In an implementation manner, a storage node with the best performance may be selected from all storage nodes as a target storage node, so that the download speed can be effectively improved and the resource occupation of each storage node by the download operation can be reduced.

In another implementation, if the P2P network is relatively unstable, and each storage node may exit the P2P network at any time, the method of selecting only one target storage node for downloading is prone to the problem that the target storage node fails and cannot be downloaded. In order to ensure the reliability of the download process as much as possible, multiple target storage nodes can be selected. For example, the number of target storage nodes is determined according to the number of preselected storage nodes and the number of storage nodes in the storage node list. For example, assuming that the probability of failure of each storage node in the P2P network is the same, which is p ₀ , and the reliability of the download process obtained by the requesting node from each storage node in the storage node set is P, the requesting node can select from m preselected storage nodes according to the following formula. Select N target storage nodes from the n storage nodes in the node and storage node list,

Based on this implementation, the requesting node can use the N storage nodes with the best performance as the target storage nodes. Further, in this implementation manner, the requesting node may select n storage nodes to update the storage node list, where n may be equal to N, that is, the N target storage nodes are directly recorded as storage nodes; n may not be equal to N, that is, select n target storage nodes with the best performance as storage nodes for recording.

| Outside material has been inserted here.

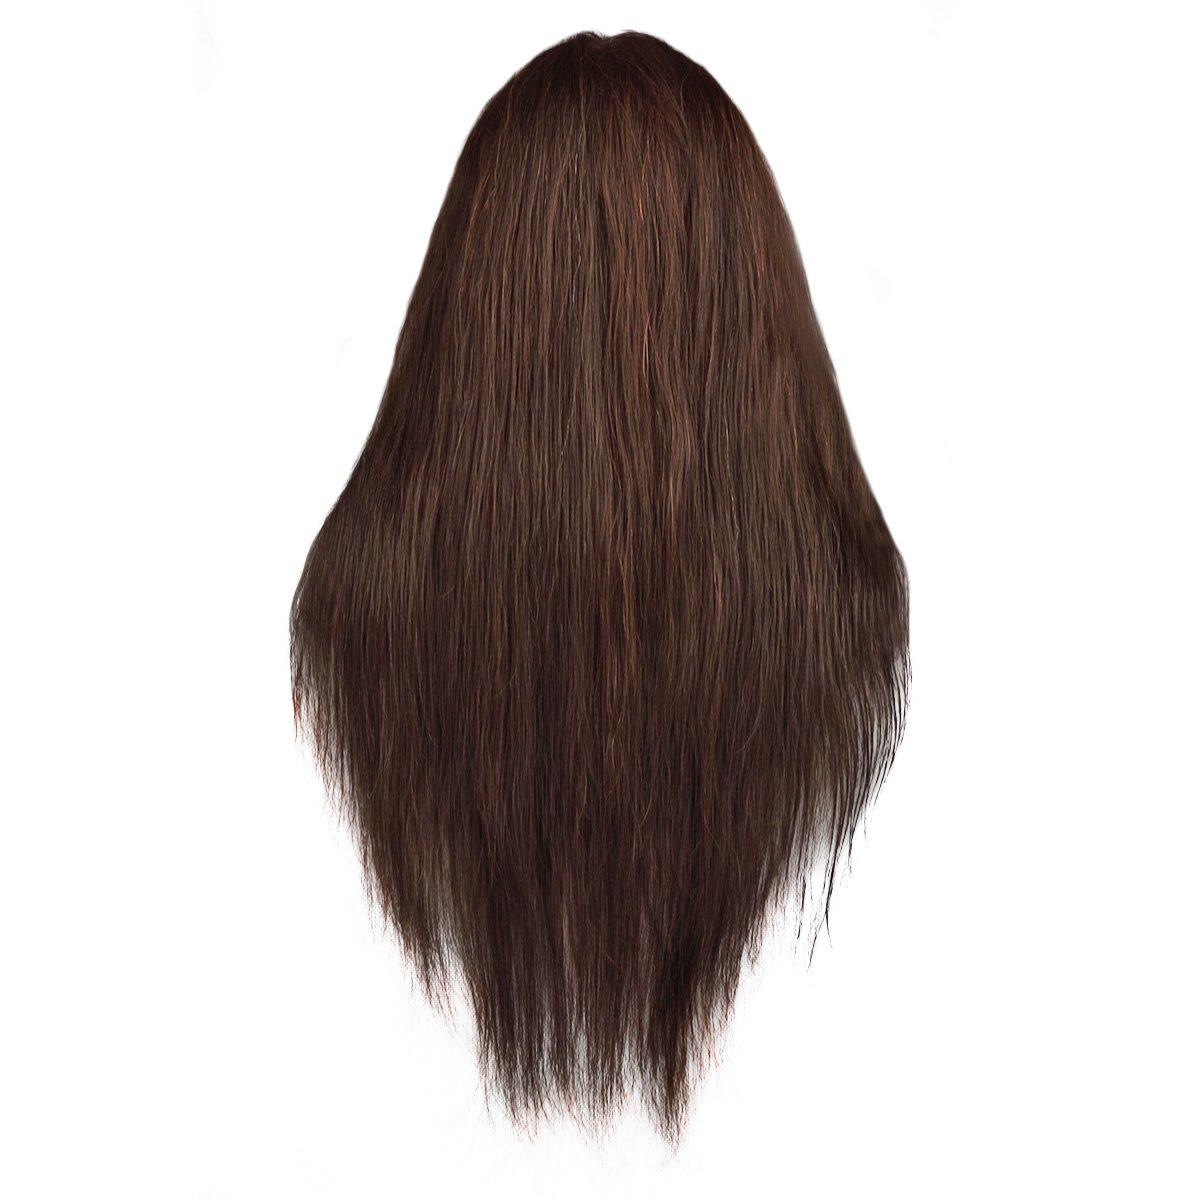 Maniquí de Cabeza para practicas de peluquería con cabello pelo real 90% 56cm (con soporte)-CoastaCloud: Amazon.es: Salud y cuidado personal

S11. The requesting node downloads the target file block according to the node information of the target storage node.

In an implementation manner, if there is only one target storage node, the requesting node only needs to obtain the index address of the target storage node, and download the target file block according to the index address.

In an implementation manner, if there are multiple target storage nodes, the requesting node needs to obtain the index address of each target storage node, and download the target file blocks from the corresponding target storage node according to these index addresses. When the node completes the download from any target storage node, the overall download process ends.

Based on the above process of selecting a target storage node, it can be known that for each non-first downloaded file block in the file to be downloaded, the corresponding target storage node is the one with the best performance selected by comprehensively considering the previous file download operation. The storage node and the performance of the newly added pre-selected storage node in this file download operation are selected. It can be seen that the download process of each target file block is an iterative selection process, which can have the effect of selecting a storage node with better performance from storage nodes with excellent performance, and at the same time, the index node continues to add new options In order to ensure the updateability of storage node selection, it can expand the selection range of target storage nodes to a certain extent. Moreover, with the iterative process, the target storage node corresponding to each file block will get closer and closer to the global optimal storage node with the best performance among all the storage nodes storing the target file block, that is, the global optimal solution is obtained. It can be seen that, for the entire file downloading process, the file downloading method provided by the embodiment of the present invention can provide a target storage node with relatively high performance for each file block, thereby improving the downloading efficiency and downloading quality of the file block.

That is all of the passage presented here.